2.3.4 Diffusion theory

The diffusion theory is based on the beliefs that adhesion depends on the diffusion of macromolecules of polymers over the interface between adhesive and adhered. Molecular chains create a new interface, for this to happen the chain segments must be mobile and soluble. When diffusion is involved, adhesion strength depends on the number of crossing chains. Factors such as contact time, temperature and molecular weight of polymers have impact on adhesion strength according to the Diffusion theory (Schultz & Nardin, 2002).

2.3.5 Weak boundary layer

The weak boundary layer theory calls the area close to the interface the

“interfacial zone”. The theory considers variations in the adhesive occurring in the interfacial zone due to properties different from the rest of the material. It is the cohesive strength in a weak boundary layer in the interfacial zone of the adhesive that defines the adhesion strength.

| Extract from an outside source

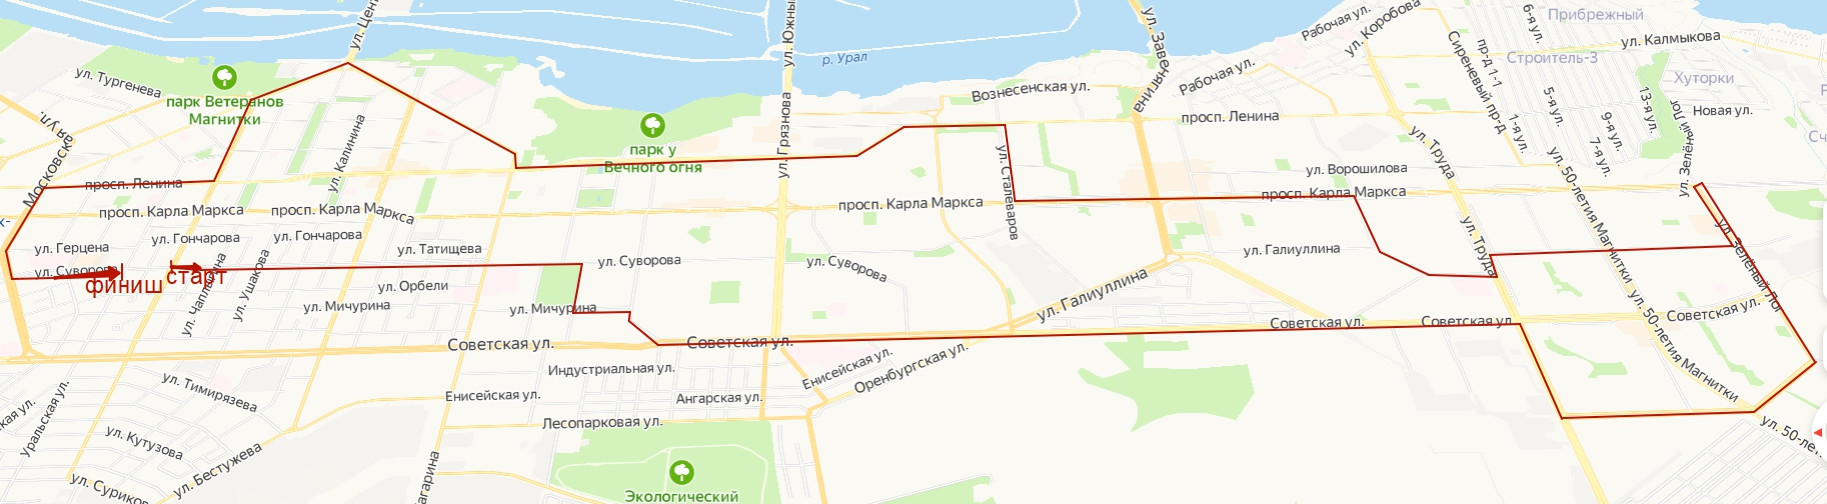 маршрут для исследования городских дорог

Meaning that adhesion energy (G) equals cohesive energy (G!) (Shultz &

Nardin, 2002).

2.4 Surface properties

When examining the possibility of attachment without drilling or penetration the surface of the substrate is of importance. The substrate properties have impact on the adhesion and should be examined so the combination of

adhesive and substrate is compatible.

2.4.1 Surface energy

Surface energy can be defined as the energy connected to the presence of a surface. Unit per area is used to express surface energy (mN/m).

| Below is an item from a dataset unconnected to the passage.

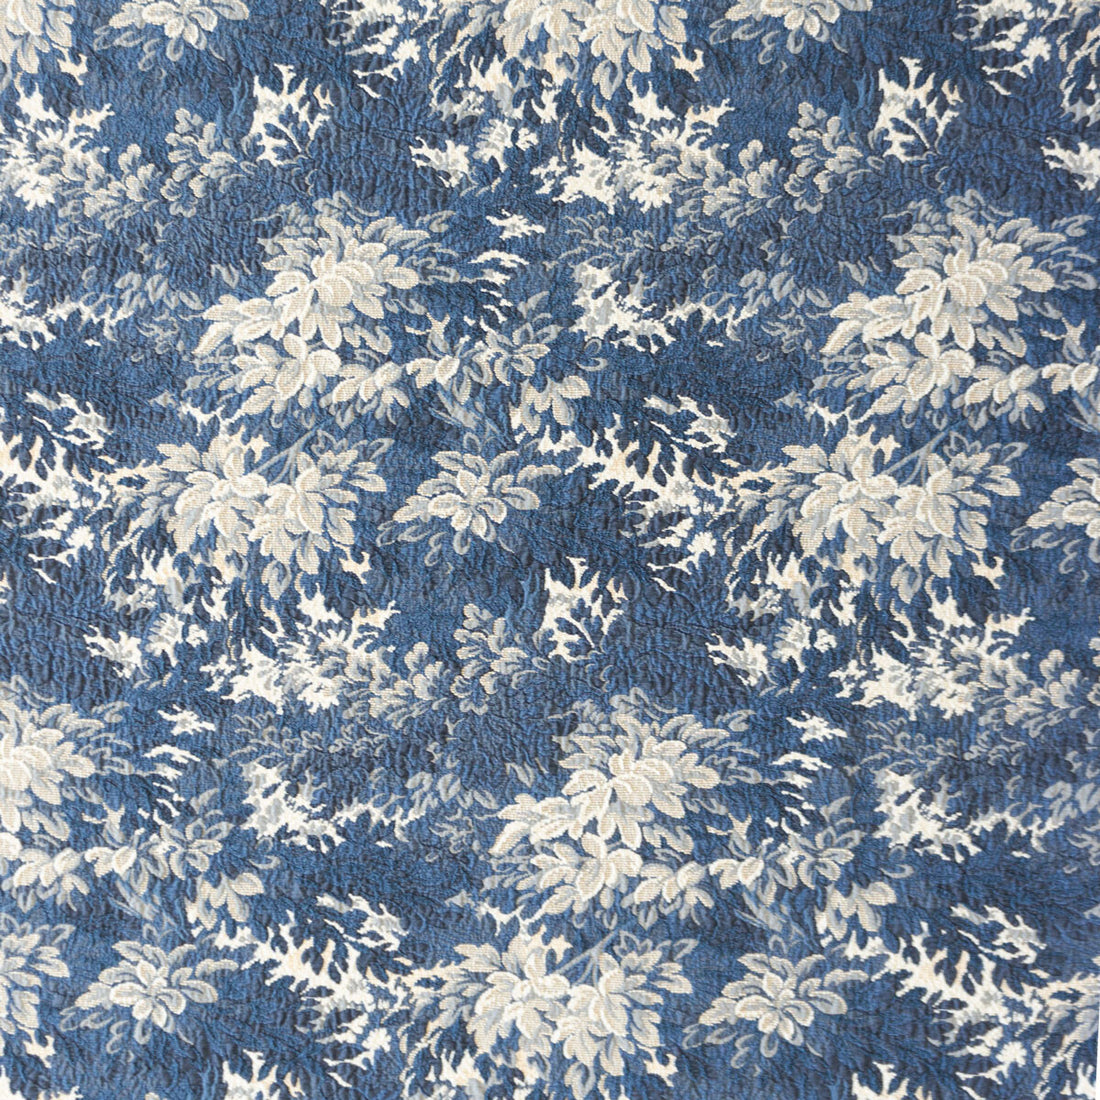 Jon fabric in azul color - pattern LCT1045.002.0 - by Gaston y Daniela in the Lorenzo Castillo VI collection

Within materials cohesive forces are acting between the molecules. These forces are responsible for the phenomenon called surface tension or surface energy (Afcona, 2010).

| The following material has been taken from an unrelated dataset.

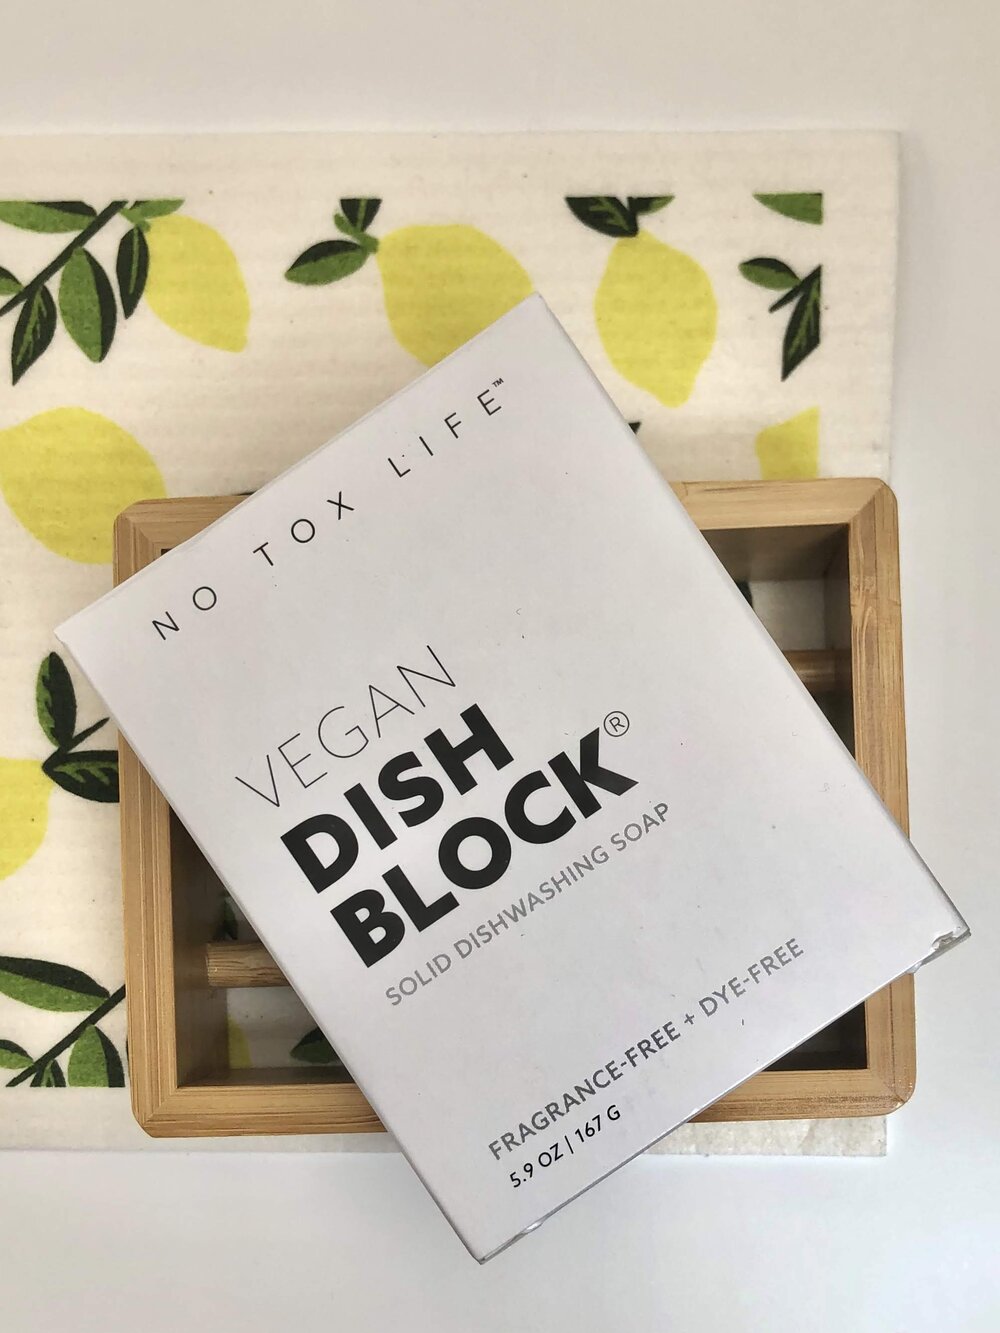 No Tox Life Vegan Dish Block

Surface energy is a main factor when adhesive bonds are formed but also when adhesive failure occurs.

Surface energy can be referred to as Gibbs free energy (G) or as surface tension (γ), they both refer to surface energy (Packham, 2003).

The cohesive forces within a material are in balance and equally distributed between the molecules.

At the surface the forces are unbalanced, as shown in Figure 2.

The uneven distributed forces at the surface create the surface tension.

The intermolecular forces acting in a material determine the value of the surface tension for a material.

Surface energy for some materials is presented in Figure 3. The magnitude of the surface tension depends on temperature, molecular size and shape (Afcona, 2010).

Figure 2 Forces working in a material explaining surface energy.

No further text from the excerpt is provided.